そして、キベラスラムの住人もこの強制撤去に対して暴動などを起こしたりせず、冷静であったと言うのです。

 

キベラスラムでマゴソスクールを運営している早川さんは、このキベラスラムの強制撤去に対し、ブログでこのように仰ってしました。

 

ケニア国民は未来への夢を持っています。

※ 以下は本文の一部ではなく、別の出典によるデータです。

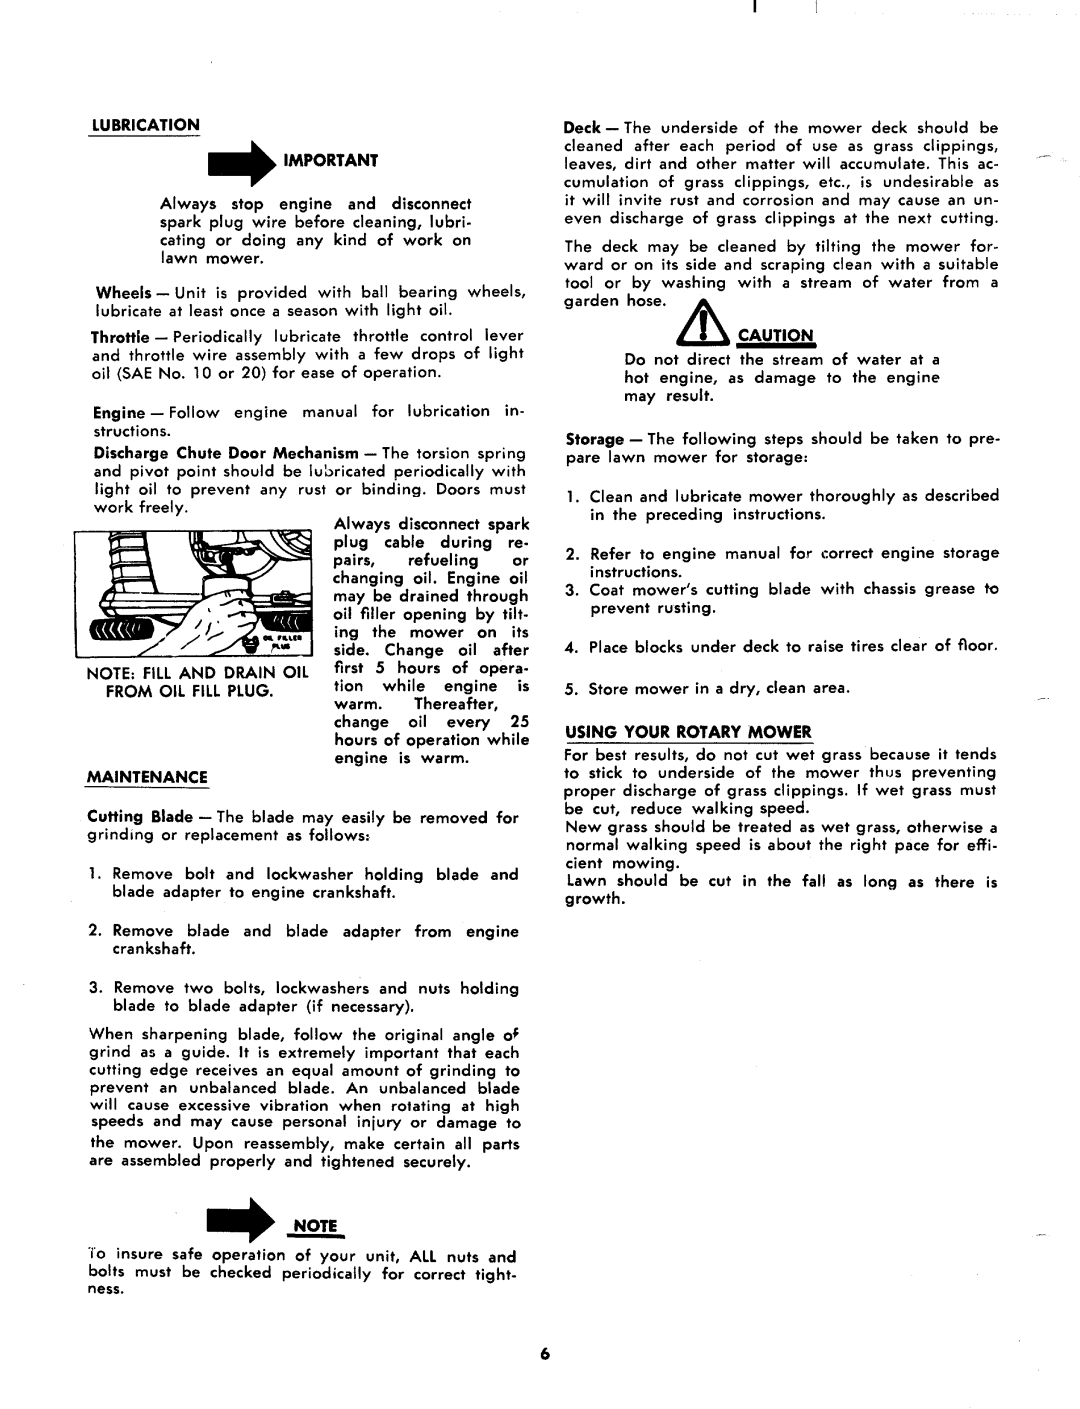 MTD 116-330A manual 
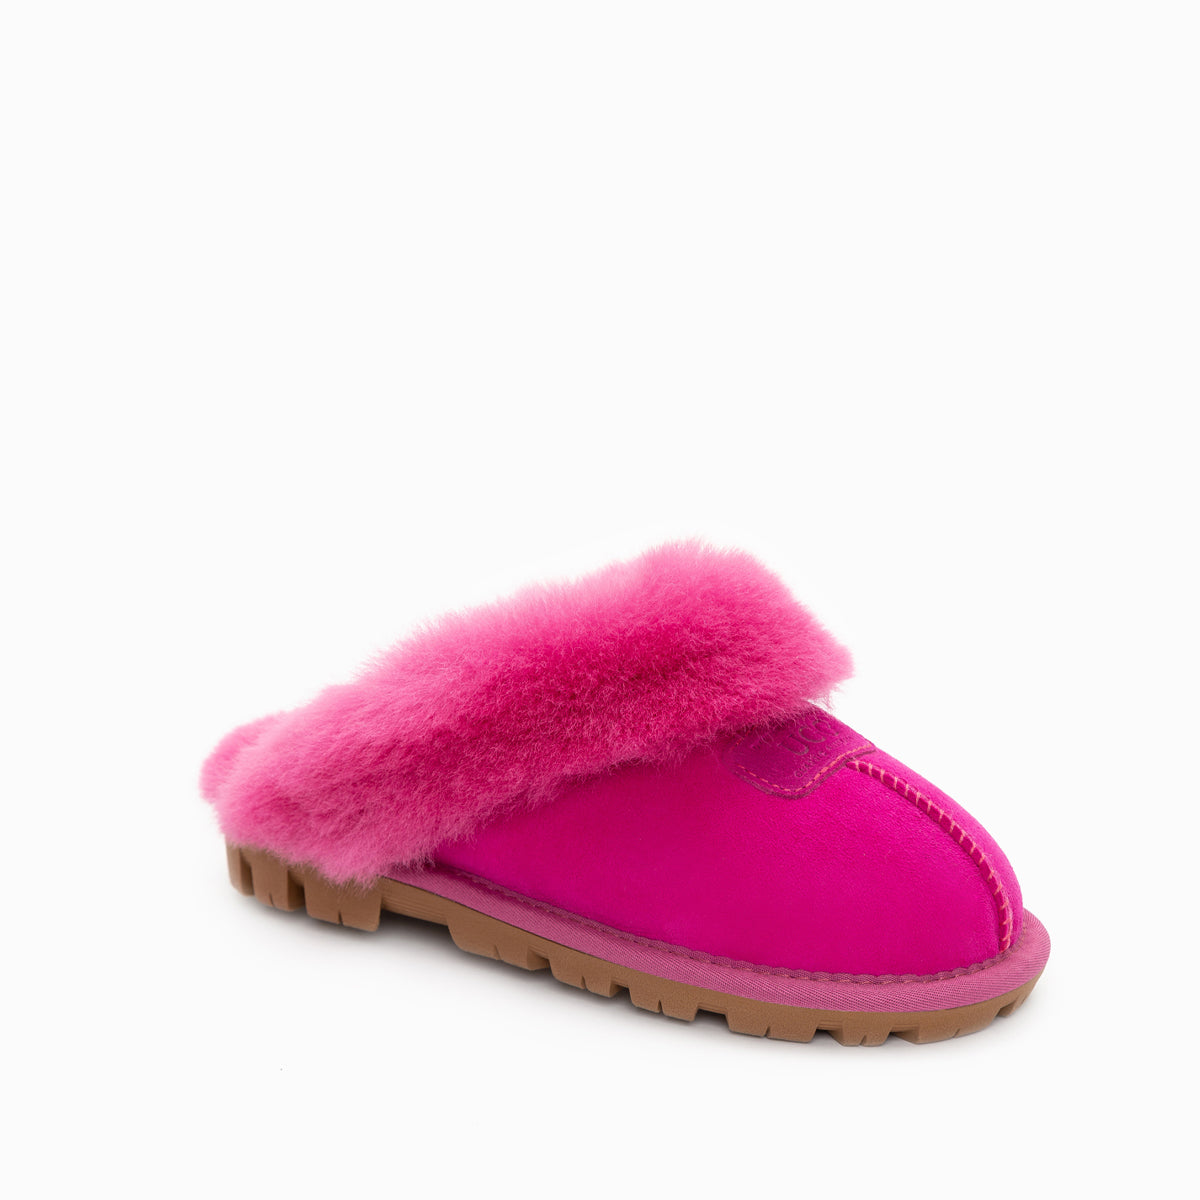 ladies ugg slippers

そのために、開発や発展は、誰にとっても輝かしい夢であり、そうやって進んでいけば未来は明るいと信じています。

 

それは、スラムの人々にとっても同じことなのです。

 

だから、今回のように撤去に際して暴動も起きず、誰も騒がずに黙々と平静であるのは、それはやはり、当たり前のことが起きたから。

 

いつかはこうなると誰もが知っていたし、こうならないわけはないと知っていたし、遅かれ早かれ、当然のことが起きただけだと、そんな認識なのではないかと思うのです。

 

住んでいる家を撤去され、行き場を失った人々は、撤去を免れた人の家に住まわせてもらったり、
お互いを助け合い、一日一日を生き抜きます。

 

キベラスラムと教育

キベラスラムの方々にお話を伺っていると、

「子どもたちに教育を」

という想いが熱く伝わってきました。

 

キベラスラムでは幼少期に学校に通えなかった方が多く、計算や文字を書くこと、計画をたてることも難しいと言います。

 

だから、身の回りで何か理不尽な問題が起こったときでも、何もすることが出来ず、問題に対して受け身になってしまうとのことです。

 

自分を守るために、大切な人を守るために、
色々なことを考え、計画をして、対応をしていく。

 

私が今こうやって文章を書いて、自分の経験を発信出来たり、将来の計画を立てていくことが出来るのは、自分が子どもだった時、当たり前のように教育を受けられる環境があったからだと改めて感じました。

 

 

終わりに

今回、キベラスラムの記事を書かせて頂きましたが、私自身、キベラスラムを訪ね、人々のお話を伺ったにすぎません。

 

私がキベラスラムに対して分かっている事なんて、氷山の一角、いや、その一角にも満たないと思います。

 

そんな中、私は何を書くべきか迷いに迷いましたが、実際にキベラを訪れ、見たこと、感じたことを素直にお伝えしようと、今回この記事を書かせていただきました。

 

私はまた、2~3月の間、ケニアに行きます。

 

そこでまた、ケニアの状況について学びたいと思います。

 

今回この記事を書くことによって、キベラスラムという町のことを、少しでも多くの方に知っていただけたら幸いです。

 

又、私を案内して下さった早川千晶さんは、随時キベラスラムのスタディーツアーを開催しています。

 

長い間キベラスラムの人々とともに活動されてきた早川さん。

何故早川さんはキベラスラムのスタディーツアーを開催し続けるのか。

 

皆さまもぜひ、参加してみてください。

マゴソスクールを支える会ホームページ▽
http://magoso.jp/

 

最後まで読んでいただきありがとうございました!

 

キベラスラムの方々に敬意をこめて。